For somebody like me who grew up in Greece, a country with a very similar trajectory, is not difficult to understand why the burden of the past continues to weigh so heavily on the present. Greece, like Spain, from the end of the Second World War to the mid-1970s suffered in quick succession a senseless and catastrophic civil war, an extended period of quasi-parliamentary rule of low legitimacy with strong autocratic characteristics, and finally a harsh military dictatorship. When democracy did finally arrive in 1974 it wasn’t all it’s cracked up to be.

Metapolitefsi as the Greeks called their 1974 transition to multi-party democracy proved in fact as complex, difficult and unsatisfactory as the Spanish one. In Spain, the early post-Franco years were marked by a curious amalgam of continuity and change. The symbols, the rhetoric and the constitution changed but without any systematic purge of the army, bureaucracy and the police apparatus, the key sections of the state continued in the hands of the old order.

Not surprisingly, post-dictatorial governmental attempts to do the impossible – namely to placate both the army (and thus keep them in the barracks) and the public (and meet popular demands for justice) – led inevitably to half-measures with regards to political reform, anti-establishment discontent and bitterness on the left for years to come.

Needless to add that it was far from ideal. But giving priority to peace and civil society, rather than exacting revenge and reprisal, proved to be the only realistic way possible to reshape the culture of governance, initiate a break from the undemocratic patterns of the past and pave the way for the smooth alteration of power between right and left – something demonstrated by the landmark electoral wins of Andreas Papandreou in 1981 in Greece and Felipe Gonzalez in Spain, a year later.

Fixing the past has always been more important in the political cultures of Mediterranean Europe than establishing a clear order of national priorities for the future.

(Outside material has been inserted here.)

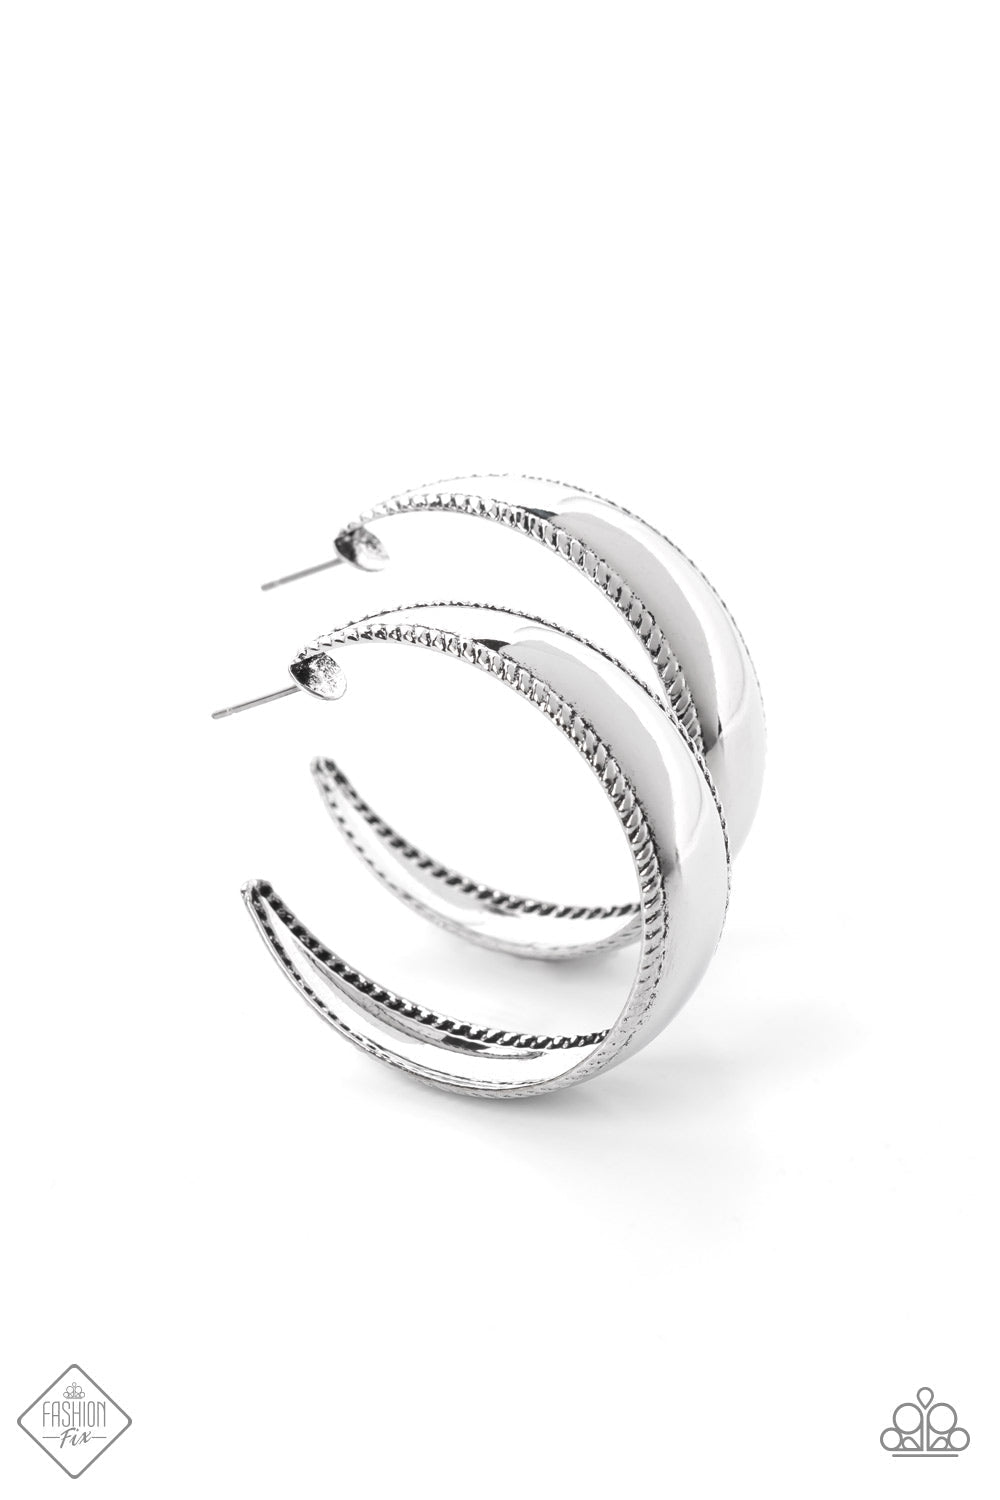 Dune Dynasty - Silver Hoop Fashion Earrings - Paparazzi Accessories - A wide smooth silver bar bordered in rope-like texture curls into a simple hoop earring, resulting in a high-sheen statement piece designed to dazzle. Earring attaches to a standard post fitting. Hoop measures approximately 1 1/2" in diameter.

Spain’s 40th anniversary of its 1978 democratic constitution offers a good opportunity to reflect on these four decades and assess the achievements and failures.

Although legitimate and long-overdue, Franco’s exhumation (and other de-glorification initiatives such as the removal of public monuments) should not be allowed to turn into a belated search for an “official truth”, however desirable might be in certain sections of Spanish society. Apart from the fact that it is counter-productive and damaging to the health of Spanish democracy, it is also illusory. For, truth is subjective and personal. And so is memory. Rightly or wrongly, dwelling constantly on the past will not undo the transition nor will it reverse the manifold dark legacies of the Caudillo’s epoch.

Spain needs to move on, as Greece and Portugal have done. Rather than trying to re-write the reality of their history, the Spaniards must come to accept it and find a way to honour all their dead. If Mediterranean Europe has learned anything since the early 1970s, it is that the dictum, “Time is the universal healer” is a lie.

Professor George Kassimeris is chair in security studies at the University of Wolverhampton.